We haven’t experienced any of it. We’ve been so lucky, arriving at a relatively low traffic time, arriving in great weather so there are fewer weather-related slow-downs and accidents. We never had a problem our whole time in Seattle, including this morning, as we arose a little early on a Sunday morning to make the trek from Edmonds to Anacortes. We are on the 0830 ferry going to Sidney, on Vancouver Island. We made our reservation months ago, as advised. We have received texts reminding us of our reservation and the need to be there 90 minutes before departure, so we booked an overnight in Anacortes to be sure to be there.

Early Sunday morning, there was light traffic, and we zoomed up the interstate, arriving with plenty of time to explore before lunch.


There is so much to love in Anacortes, but one of the things in the old part of Anacortes is something called the Anacortes Mural Project 1993.


(from the City of Anacortes, WA website)

The intent of the Anacortes Renaissance and Revival Confederation, which Bill Mitchell helped organize, is where the idea of murals first surfaced.  Intrigued, he brought several images to the group’s second meeting, got a thumbs-up, and by the third meeting, took charge.  “I had the time and the background, education, and experience to be able to head up a mural project and I had a work space.” Equally important was “enough talented friends that I felt I could put together a crew.”

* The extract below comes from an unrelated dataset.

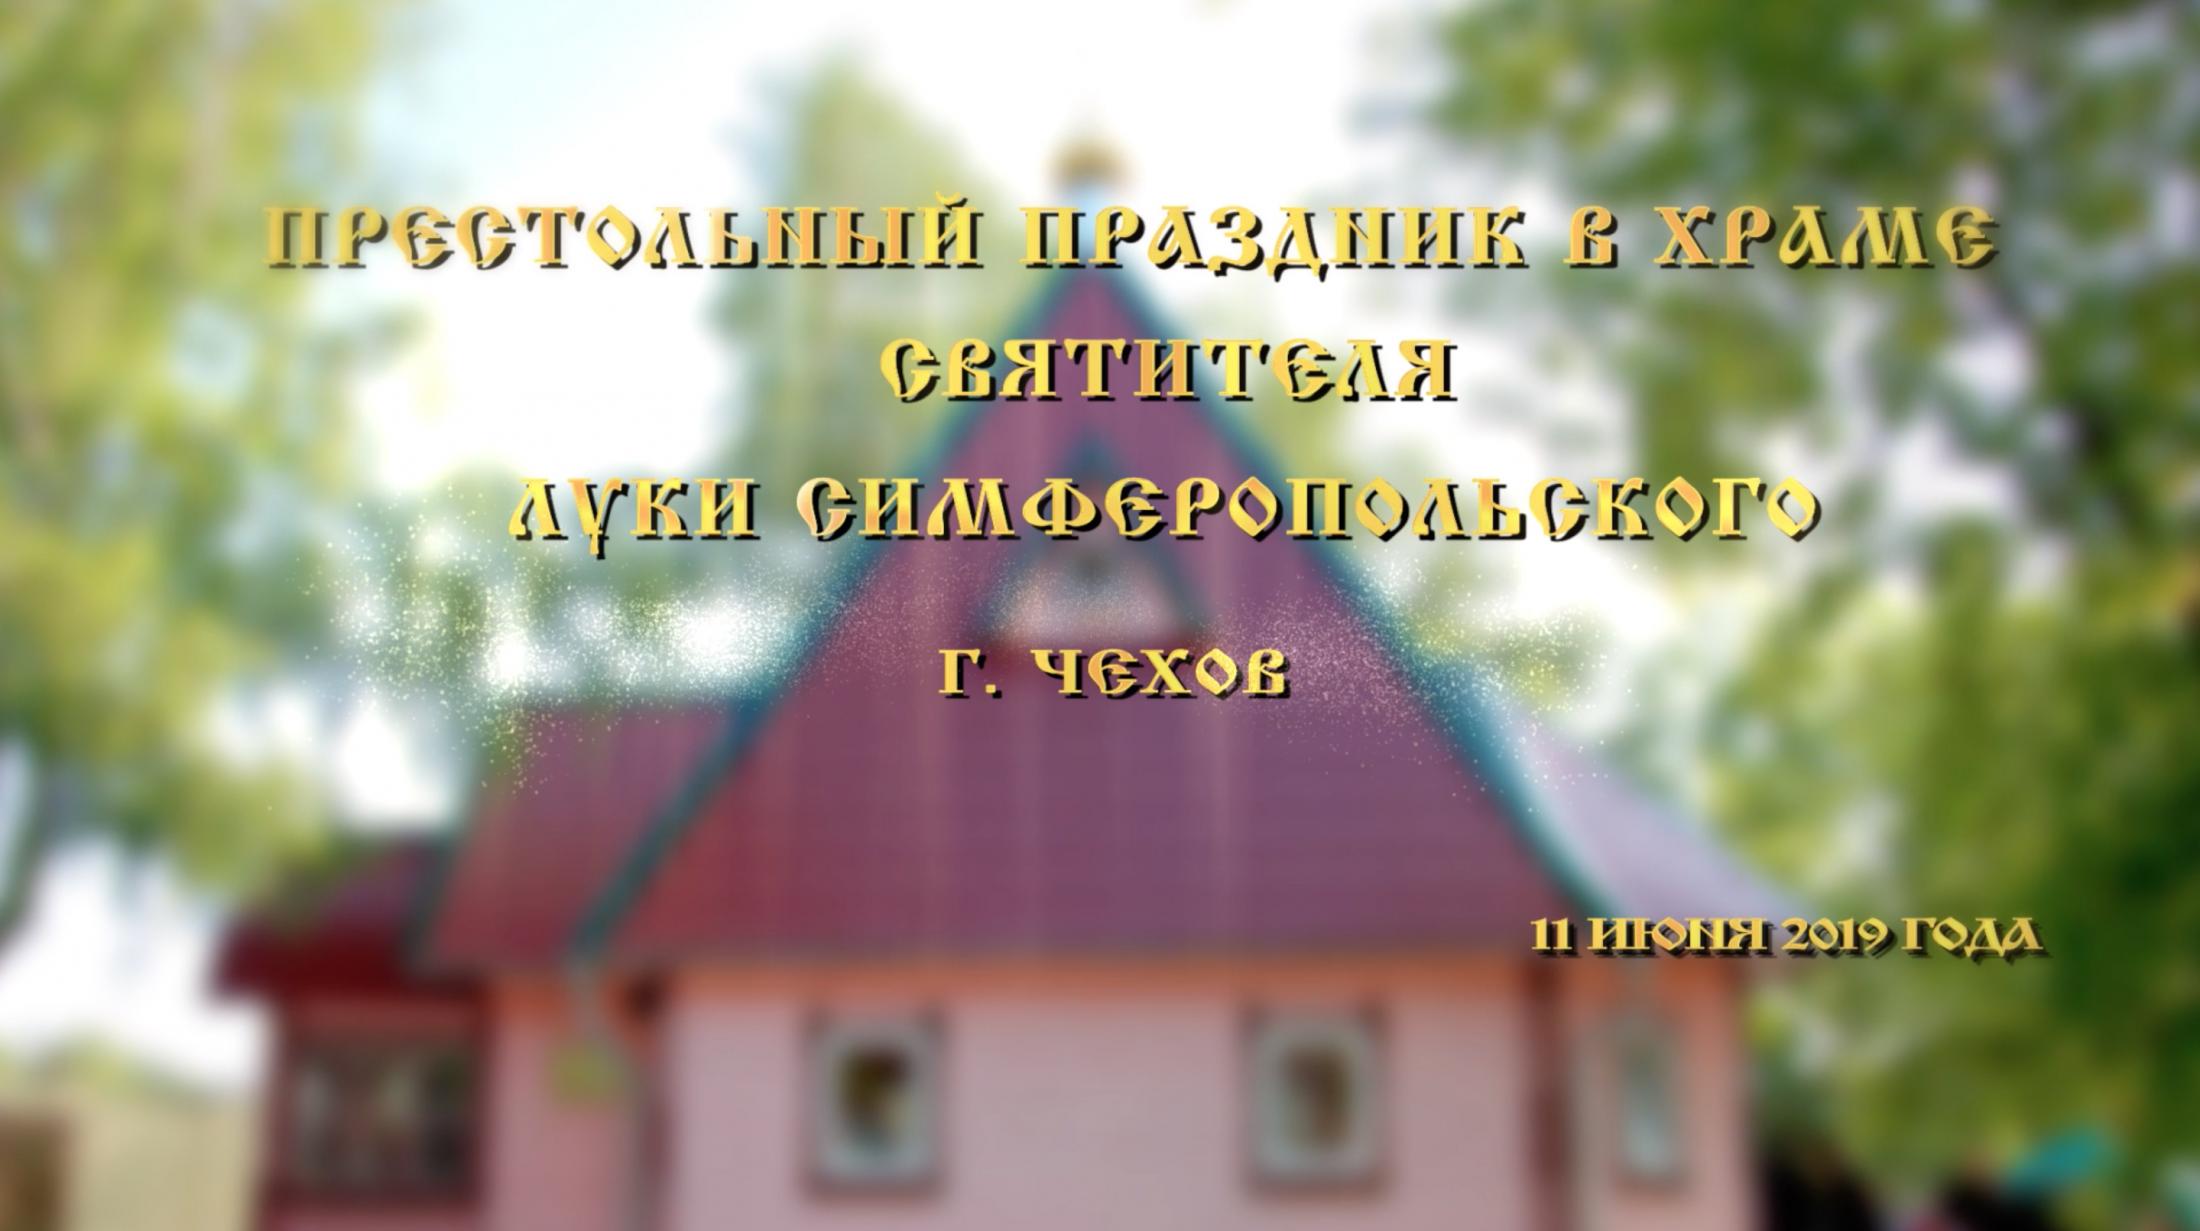 snimok_ekrana_2019-06-17_v_9.35.27_kopiya_0.jpg

            The Anacortes Women’s Club sponsored the first mural – Fred White and his 1891 safety bike – for a scant $50.  Mounted May 3, 1984, the mural was christened with a bottle of Miller Hi-Life.  In a shower of beer and broken glass, the Anacortes Mural Project was launched. 

Bill Mitchell and murals

Murals are sponsored by families, friends, businesses, the City, Chamber, and local service clubs.  Mitchell owns the murals, to insure they can’t be moved to someone’s private residence. “This keeps the project together but it also makes me responsible for the maintenance.”

            One of the original goals of the project was to inspire the town’s merchants to spruce up their buildings.  It gratifies him that a decade into the AMP, the downtown had a new spirit. “People had been painting their buildings and there was a new feeling of optimism downtown that I would like to think we helped to create.”

            Mitchell meant to end the mural project years ago but can’t seem to let go.  There are still too many characters and scenes he’d like to capture.  And if along the way he can inspire other towns to give it a go and recover their mojo, that would be just fine with him.

This is a joyful project, as you can see, each mural sponsored by the building on which it is posted. It gave us joy, too, discovering as many as we could. They are everywhere!
















“Setrocana” mystified us, until we learned it is the name of a made-up mermaid, and is the spelling of Anacortes, backwards 🙂



Anacortes is on a peninsula/island surrounded by Puget Sound water traffic lanes. If you lived here, you could have a view that changes with the minute, weather, water traffic, aquatic life.